In a recent issue of Current Biology, research revealed an alarming rate of decline among the chimpanzee populations in West Africa’s Cote d’Ivoire. The findings came after an expedition by the Max Planck Institute for Evolutionary Anthropology surveyed the chimpanzee habitats of West African forests in both lands that were protected as reserves as well unprotected, public lands. What they discovered have many concerned about the fate of the West African chimpanzees.
In the 1960’s the population of chimpanzees in this part of West Africa was around 100,000 individuals. This new survey shows a dramatic drop to only 1,000 chimpanzees left in the area. Along with these disheartening numbers, the survey also revealed that the only remaining population of chimpanzees to any viable extent were found only in the protected reserve lands of the Tai National Park which is itself seeing many outside threats encroaching on the reserve lands from growing agriculture industry along with threats from logging and hunters. These threats, coupled with funding that is set to expire in 2010 make the future of the Tai National Park, and the last remaining home of West Africa’s chimpanzee questionable, and many fear it will be the end of both.

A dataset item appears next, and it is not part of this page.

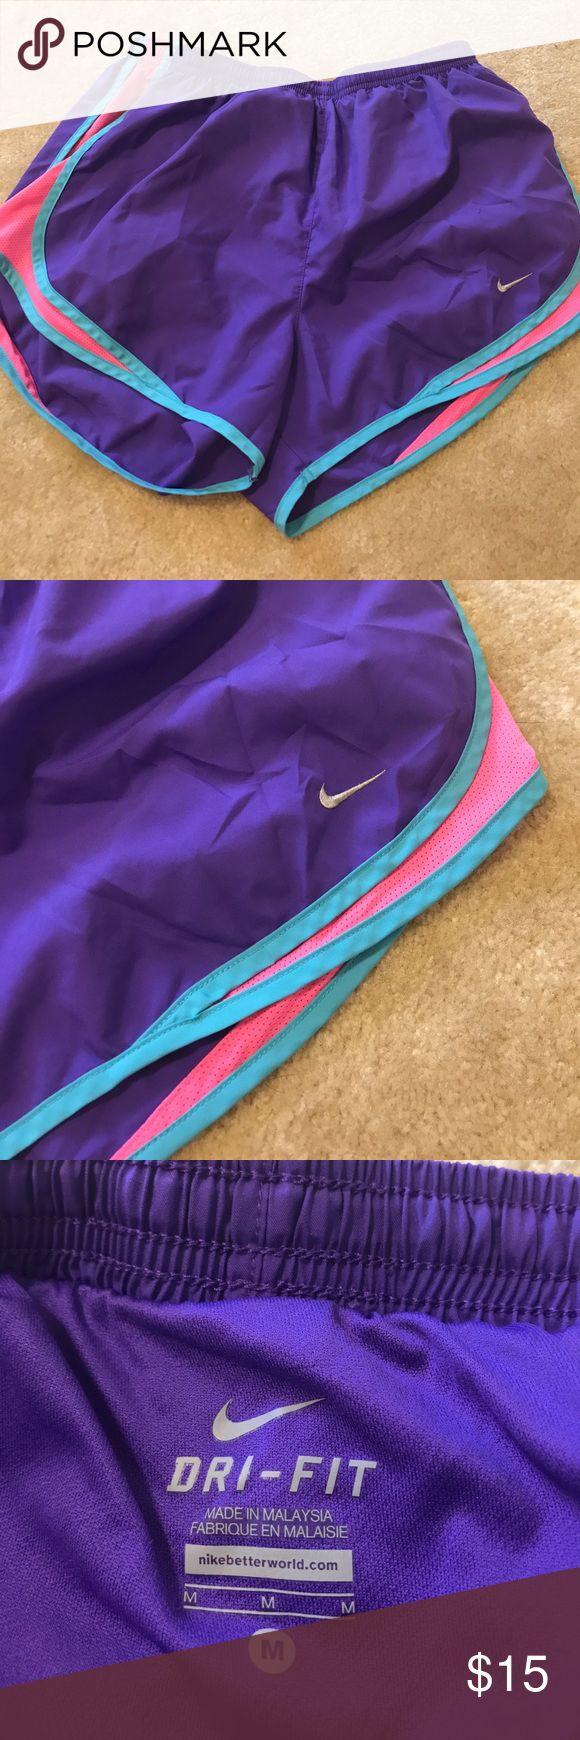 Women's Nike dri fit shorts sz M Women's Nike Dri-Fit shorts. Pink, purple and teal.  Has panty inside.  Size medium. Smoke free home. Like new Nike Shorts

The decline in the numbers of chimpanzees in the area are the result, as most threats to endangered species are, of human activities including hunting and deforestation of their homelands. As the human population of the area increases by an unsustainable rate, the chimpanzees may cease to exist. The need for urgent actions to keep these highly social animals from becoming extinct is desperately needed to save them and the Tai National Park. Efforts to stop hunting and poaching along with measures to protect the forests from the aggressive loggers and the agricultural industry which is attempting to take over the protected national park is needed in order to insure the survival of the last remaining population of chimps on the Cote d’Ivoire. As activists call for more funding to insure the survival of the Tai National Park and to implement conservation and monitoring efforts to protect the colony of chimpanzees there, conservationists around the world are keeping a close eye on the situation and working to insure hope for the endangered area. With just over a year left before their funding runs out, it will take a lot of work and a lot of pressure from the international community to insure the future of both the park and the critically endangered chimpanzees.